I was silent a moment, looking up at him—yes, he was taller than I, but I dare say I weighed much more. Strange how he avoided my eyes.

“You know you will have to perform in front of a great many people, don’t you? That prospect does not frighten you?”

Shrug. “I think I can do it.”

“You have read the entire story, I take it.” It sounded stupid even as I spoke, but I had to know.

“Yes, I have,” he said. I was baffled, to say the least.

“How long can you stay today, Ninniach?”

“As long as you need me,” he said with another shrug.

“Dínlad and Perion, who play Frodo and Sam, will be here after a while.

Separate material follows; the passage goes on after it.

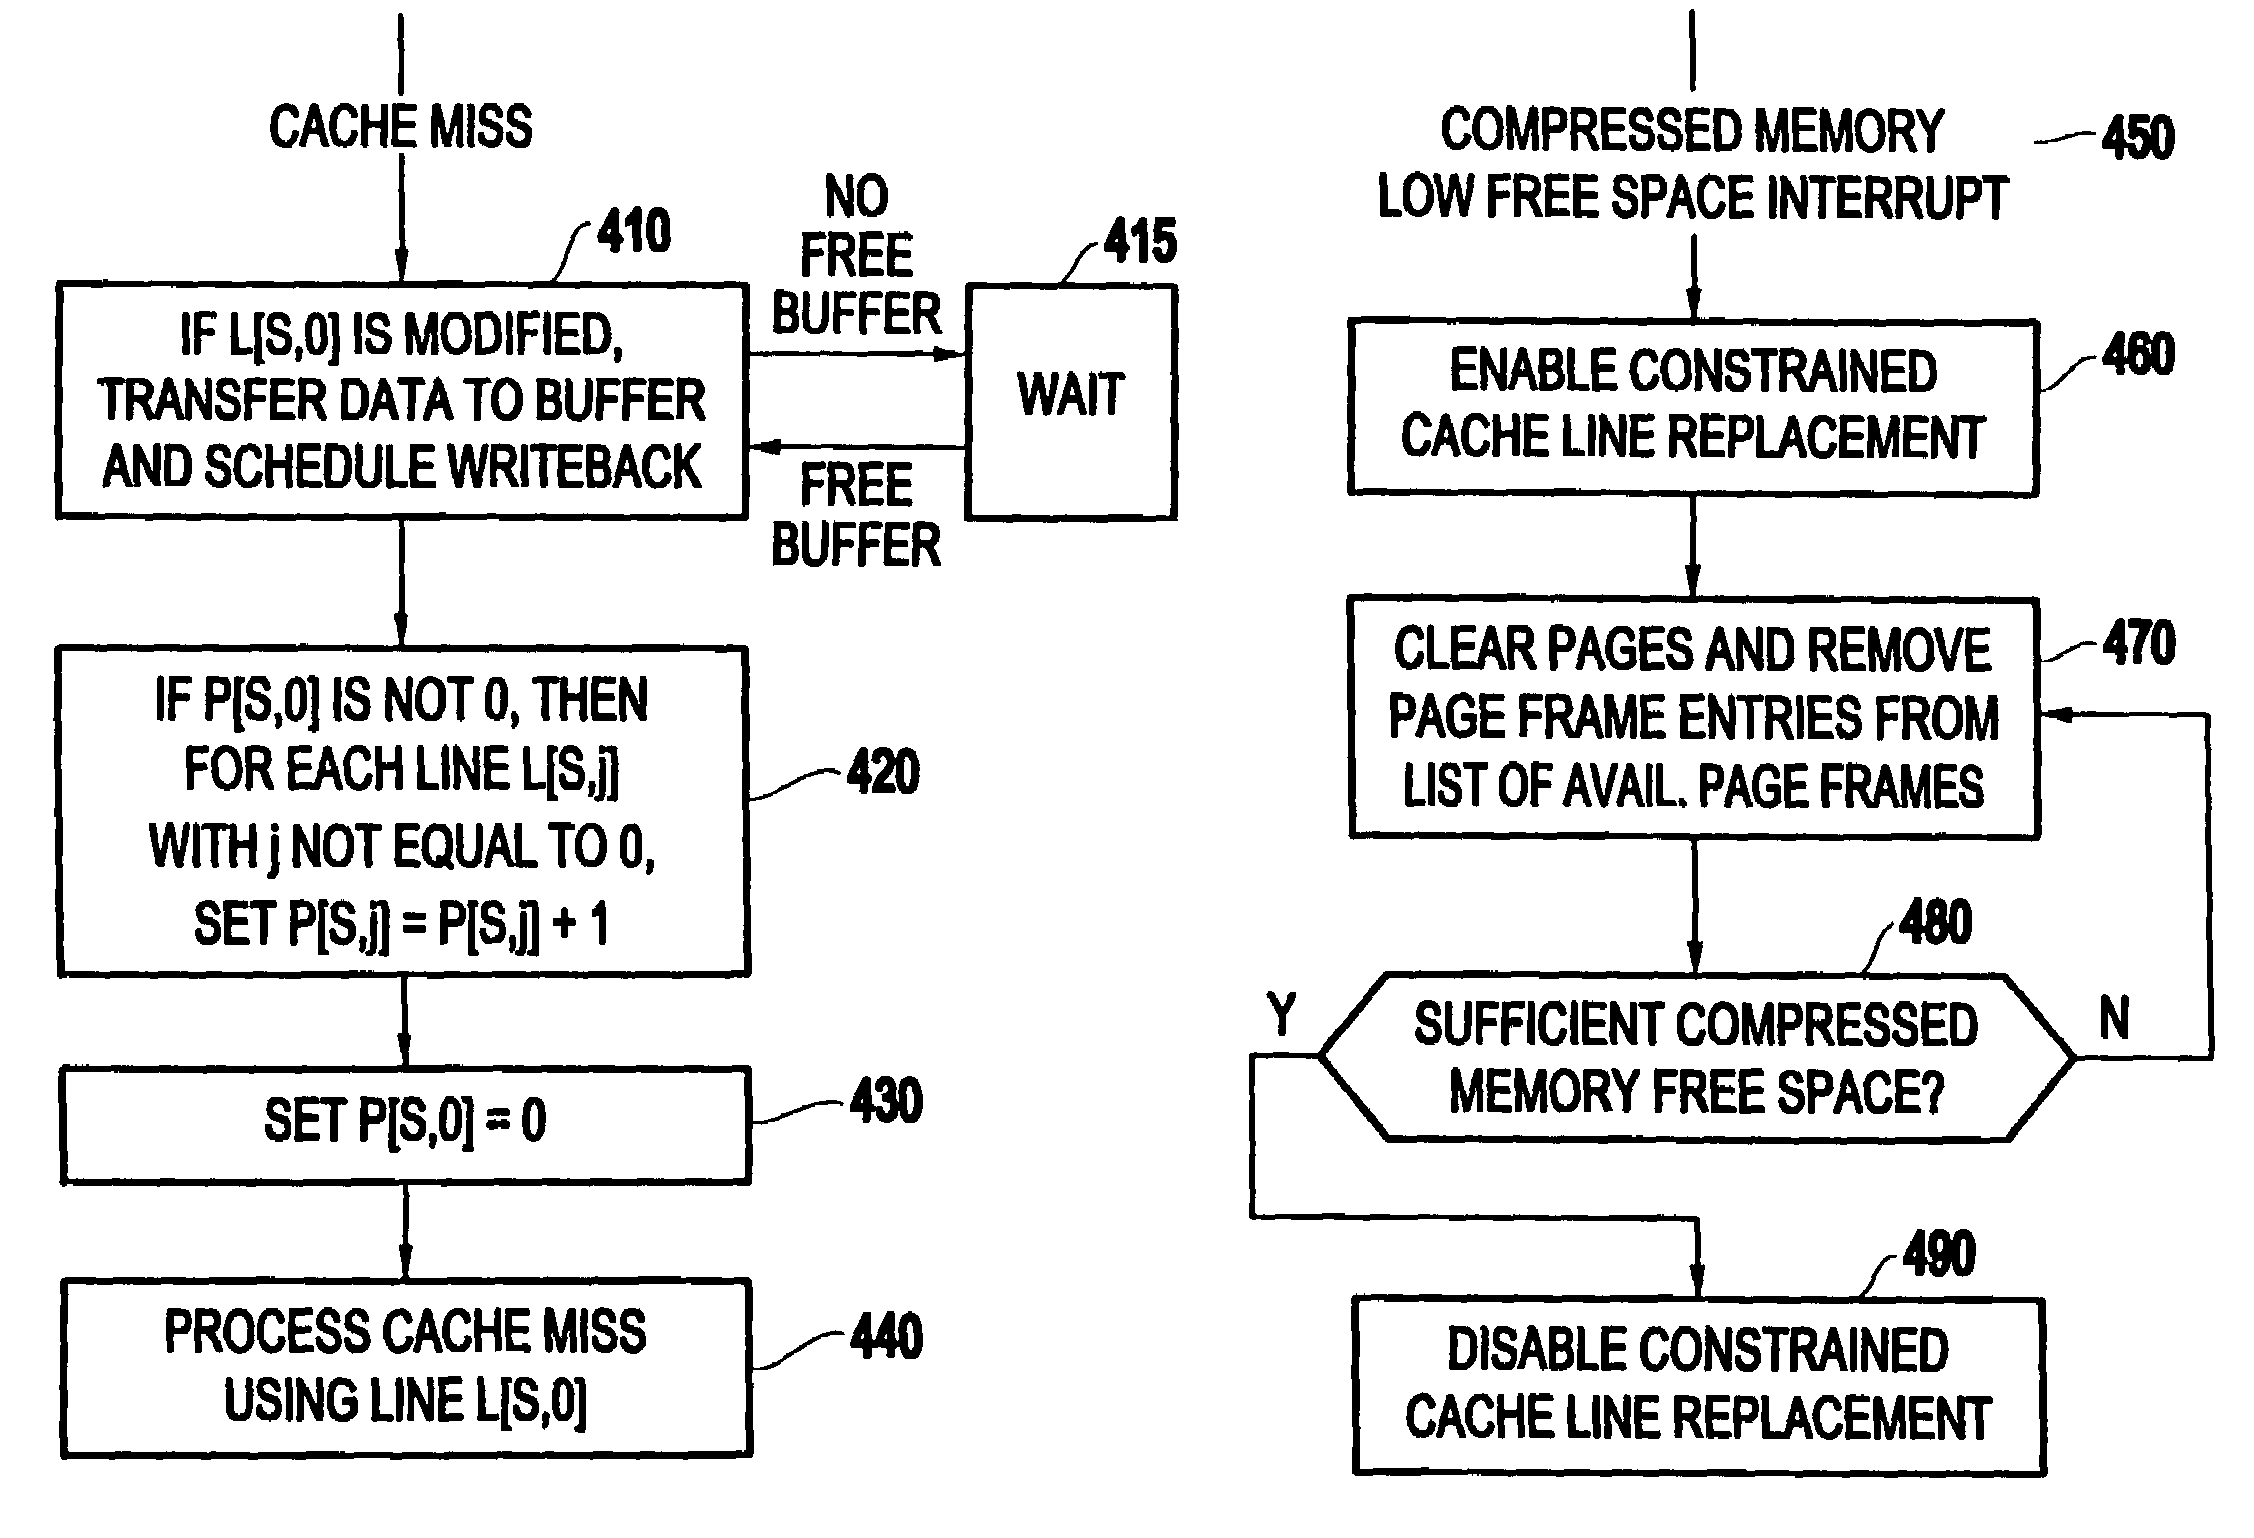 Cache configuration for compressed memory systems
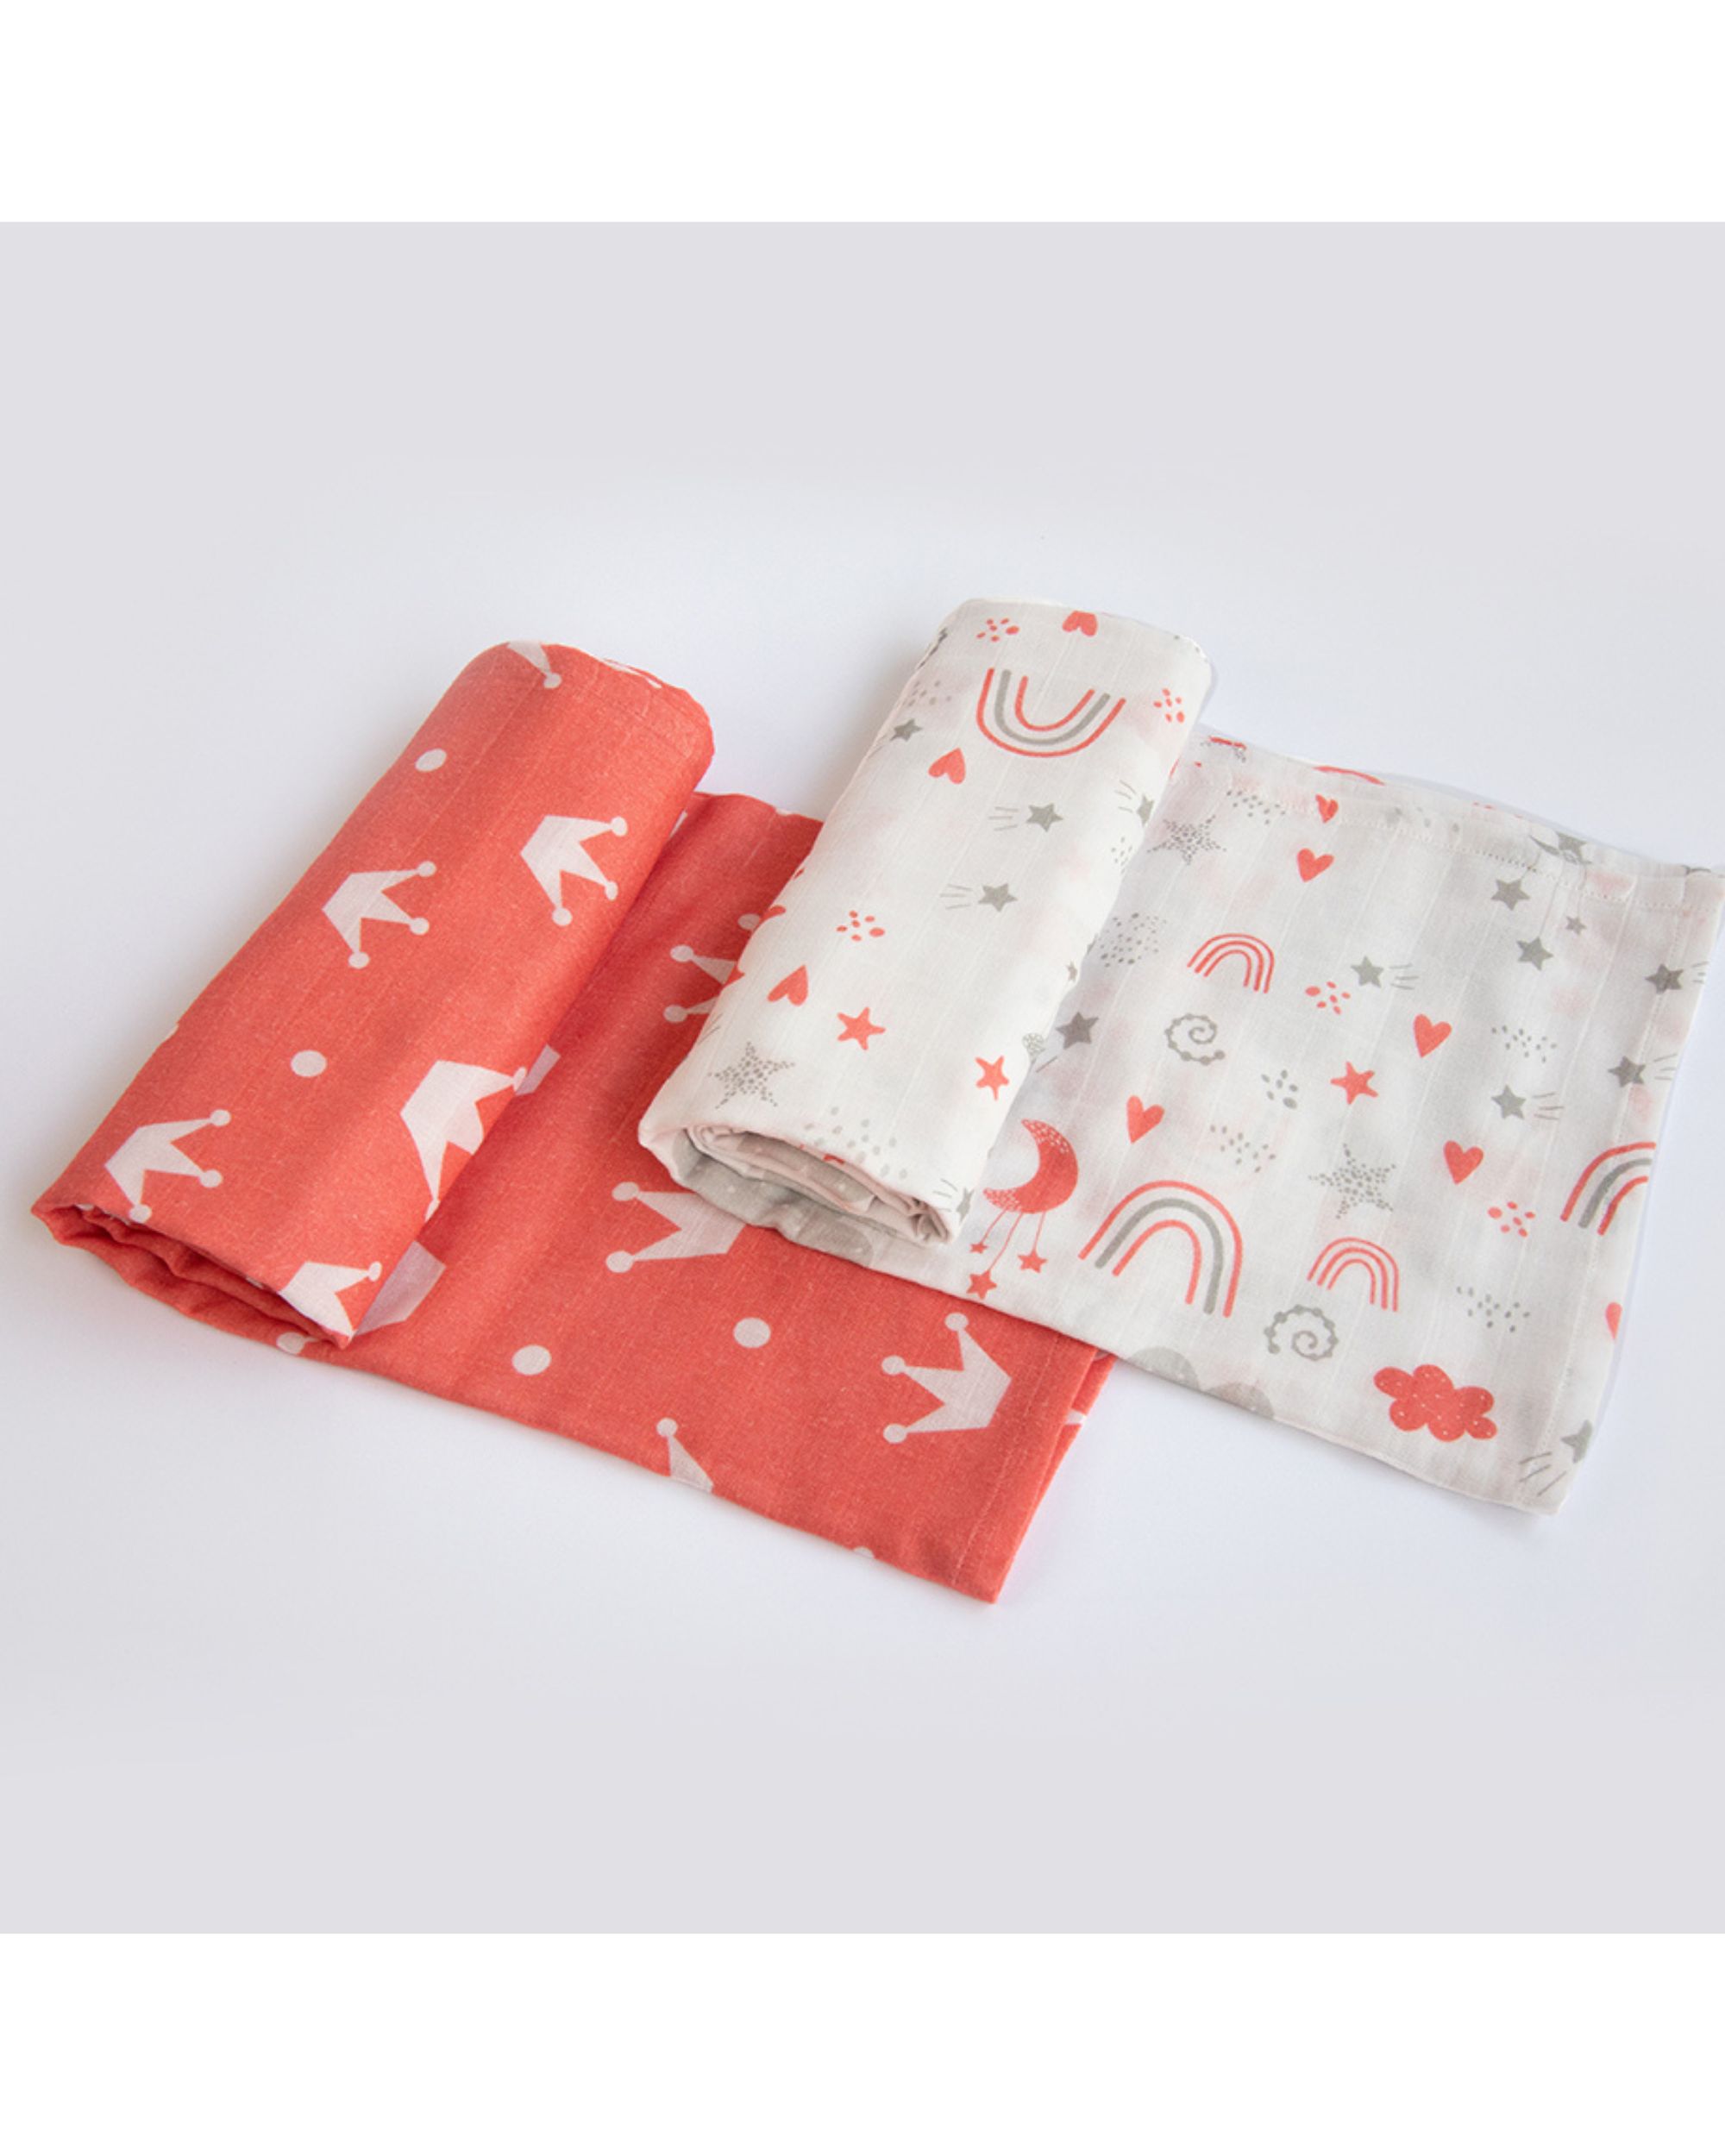 Magical rainbow and red crown muslin swaddle - set of two

Can you stay and read some with them?”

“I can. Have I the part?” He looked me in the eye, a harmless little lad once more.

“I doubt anyone but you could play it, Ninniach,” I said and managed a smile this time. And he smiled back, very fleetingly.

And now we have a Gollum. I hope he won’t give me nightmares!

I said as much to Anemone, when I returned home in the evening. She looked at me with grave sweetness and said he most certainly would not; she would protect me, and I laughed. She had fixed supper for me, and listened intently as I told her of the day’s doings at the table.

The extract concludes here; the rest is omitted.